Spettacolari i fondali, per gli amanti dell’immersione: è possibile ammirare bavose, salpe e cefali, mentre tra le rocce del fondale è facile distinguere colonie di idrozoi, ascidie rosse, il verme cane e l’argenteo balenio dei saraghi.

Più in profondità oltre la gorgonia gialla è possibile ammirare colonie arborescenti di polipi che possono superare anche il metro di altezza, ma fra tutti chi spicca per singolarità e bellezza, è l’alicia mirabilis (foto), la più grande attinia del Mediterraneo.

La fauna dell’isola Lachea è abbastanza varia ma l’ospite più singolare è l’endemica lucertola Podarcis sicula ciclopica. Sull’isola nidificano pochissimi uccelli, fra cui la ballerina gialla e la passera sarda. Abitanti tipici, in inverno, sono il cormorano, il gabbiano reale mediterraneo e il gabbiano comune. Si vedono anche il falco pellegrino ed il falco di palude. 

La flora è rappresentata, tra gli altri, da specie endemiche siciliane come l’Elotropio di Boccone, il Senecione glauco e la Carlina hispanica.

Alla sommità dell’isola si trovano: un museo che espone fauna e flora dell’isola, ed i reperti archeologici e geologici ritrovati sul luogo; una cisterna; e la Grotta del Monaco perché a quanto pare qua veniva in romitaggio San Pier Damiani nato in Aquitania, vissuto tra il 974 e il 1044, quando in Sicilia c’erano gli Arabi.  

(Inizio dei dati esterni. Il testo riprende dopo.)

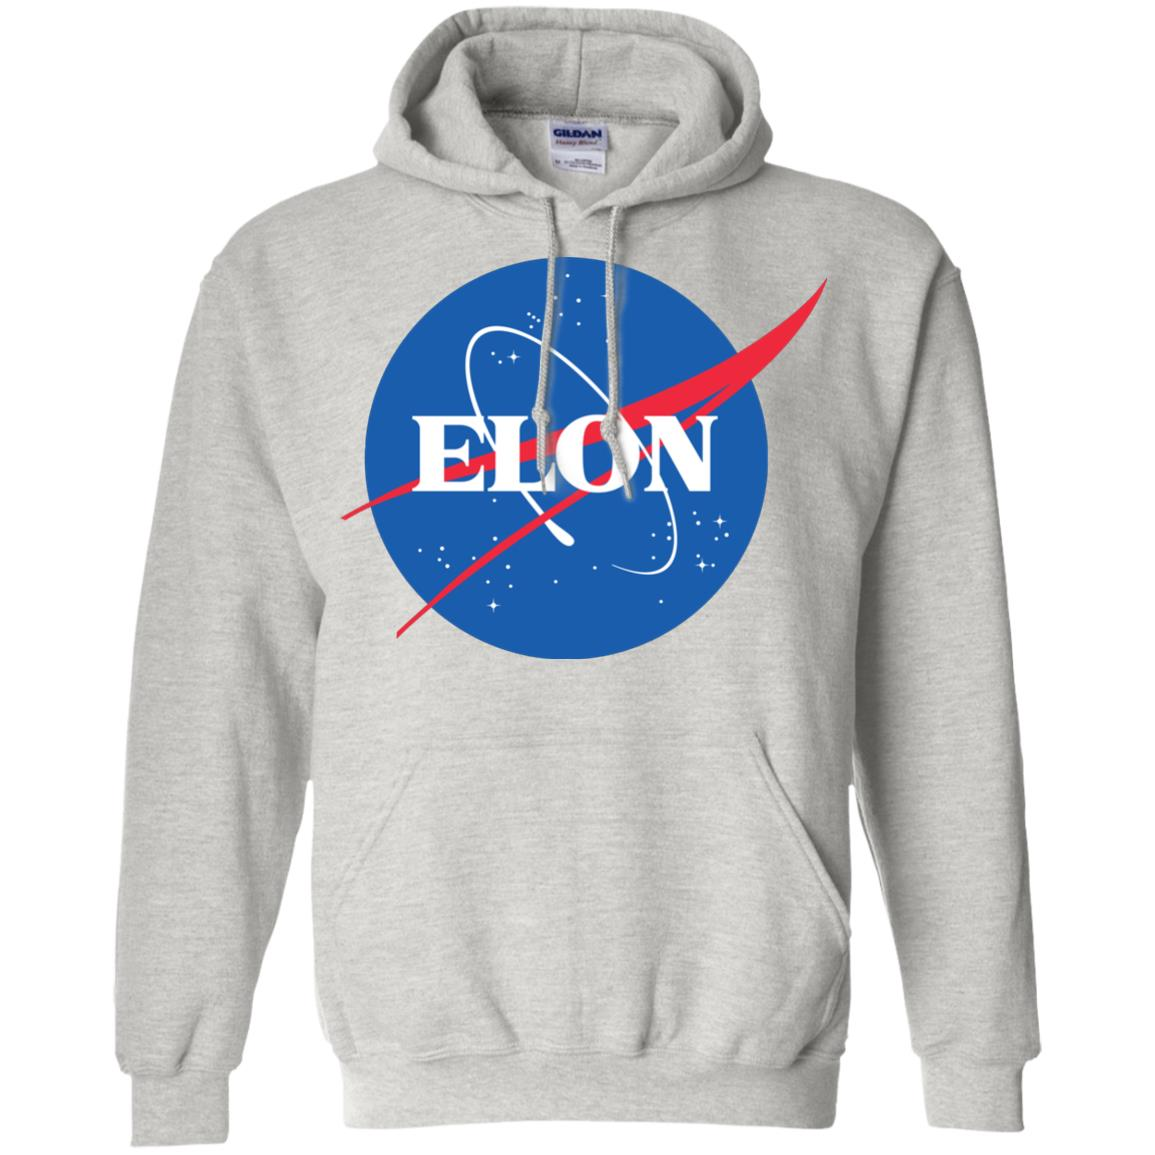 image 287px Elon Nasa parody t shirt, hoodies, tank top

Festa di San Giovanni Battista e U pisci a mari

La festa patronale di Aci Trezza, dedicata a Giovanni Battista, si svolge nei giorni 24 e 25 giugno, ma già nei tre precedenti viene celebrato il solenne triduo. La svelata del simulacro avviene la mattina, mentre nel pomeriggio inizia il giro del centro storico. Il giorno seguente invece ha luogo il percorso che tocca i quartieri collinari, con una sosta all'interno della chiesa della Madonna della Buona Nuova. Dal 1993, in occasione della commemorazione del martirio del Battista, il simulacro viene esposto per l'intera giornata sull'altare maggiore ed in seguito si tiene la solenne celebrazione eucaristica vespertina sul sagrato della chiesa.

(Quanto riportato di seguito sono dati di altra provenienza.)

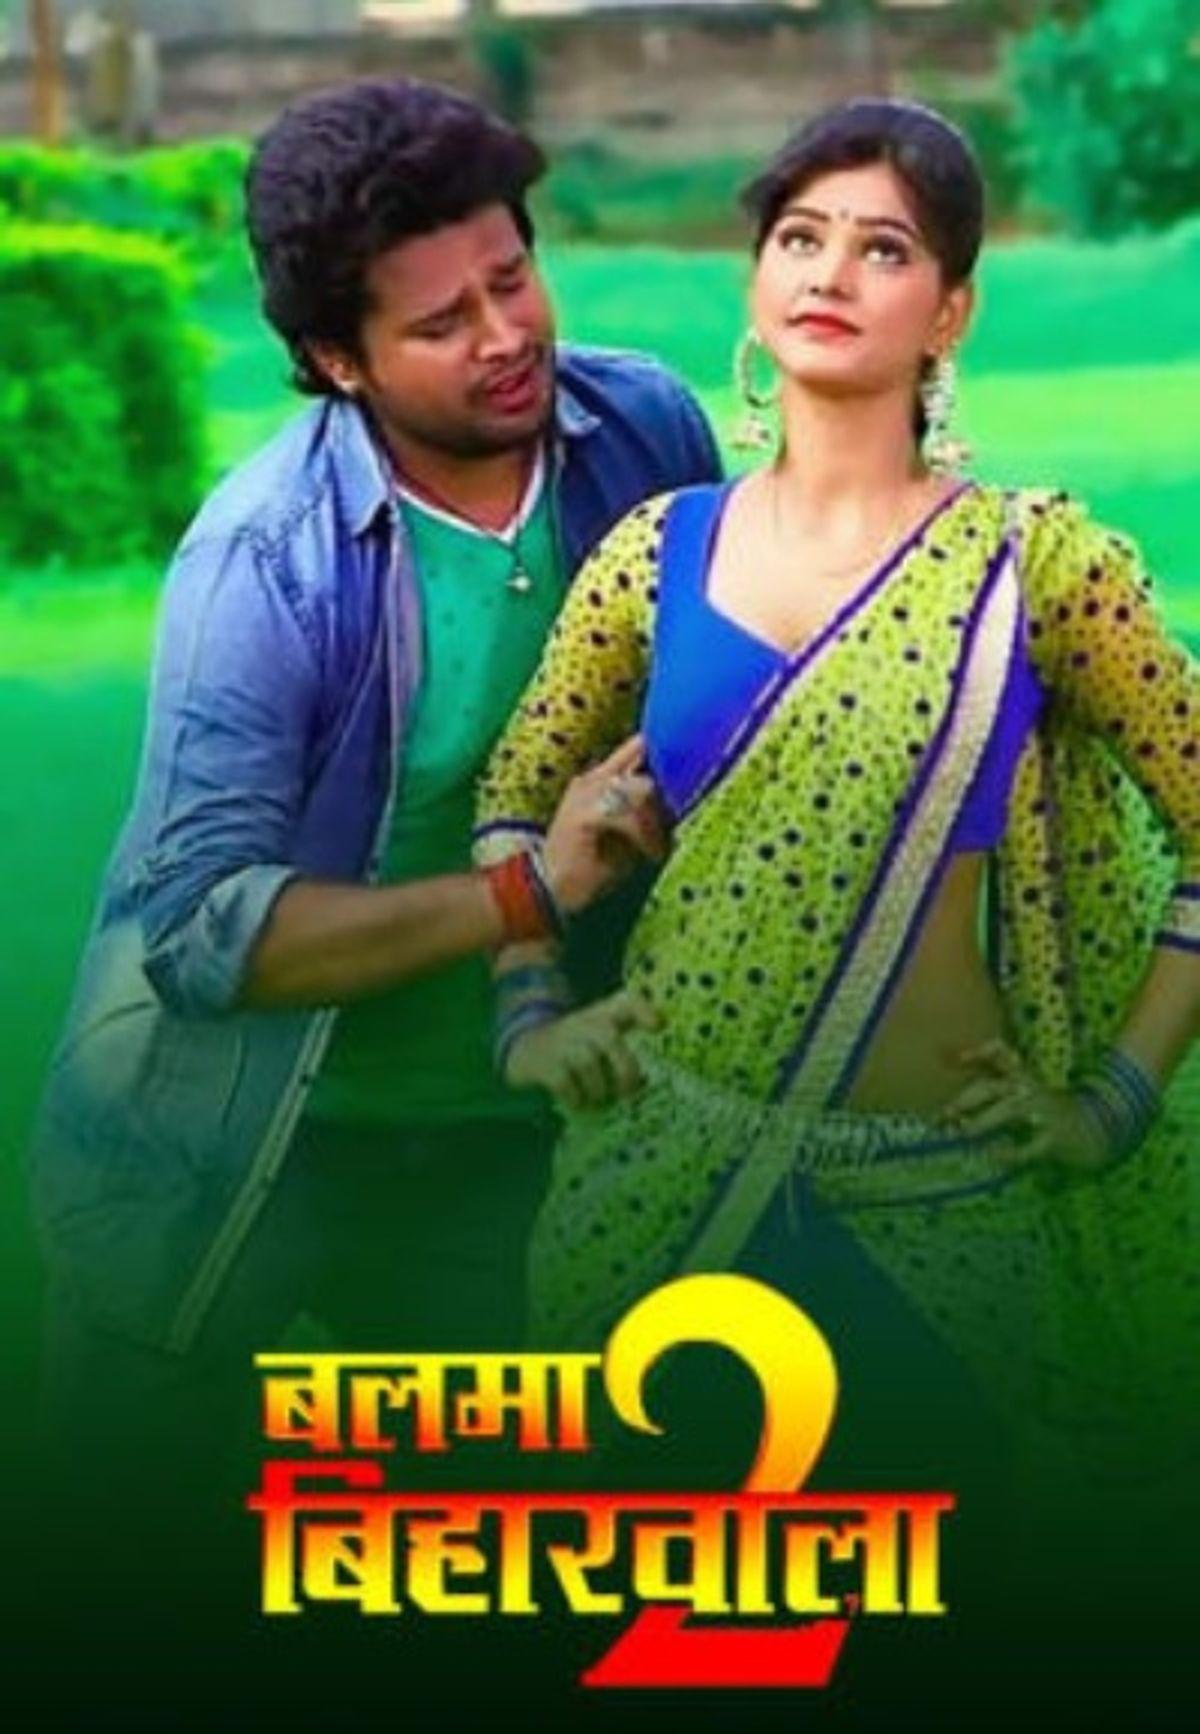 Anil Samrat Best Movies, TV Shows and Web Series List

I riti religiosi sono accompagnati da alcune manifestazioni folcloristiche tradizionali. Tra queste si annovera la pantomima U pisci a mari, antica rappresentazione della pesca del pesce spada che dal 1750 circa si svolge nelle acque del porto storico con le medesime modalità: un giovane trezzoto impersona il pesce mentre alcuni pescatori recitano le parti del «Rais di mare», il quale comanda le operazioni dalla poppa, del «Rais di terra», che incita i compagni sulla barca, del rematore e del fiocinatore, pronto a colpire il pesce.

Al pari della festa di san Giovanni Battista, la pantomima è inserita nel «Registro delle eredità immateriali» della Regione siciliana.  

Festa Madonna della Buona Nuova

La compatrona di Aci Trezza è la Madonna della Buona Nuova, festeggiata il primo fine settimana di settembre. Il culto è antico, legato a un'edicola votiva di inizio Settecento situata nella zona della marina di Trezza. L'edicola conserva un affresco raffigurante la Madonna con il Bambino Gesù

La prima festa solenne risale al 1907, quando l'arciprete Salvatore De Maria proclamò la Madonna della Nova «patrona dei pescatori e dei marinai». Nel 1911 fu inaugurata una statua che da allora è posta all'interno della chiesa madre di Aci Trezza e portata in processione ogni anno. Il giorno della festa viene illuminata la scala che porta alla scultura marmorea opera di Sarino Piazza posta sul faraglione grande.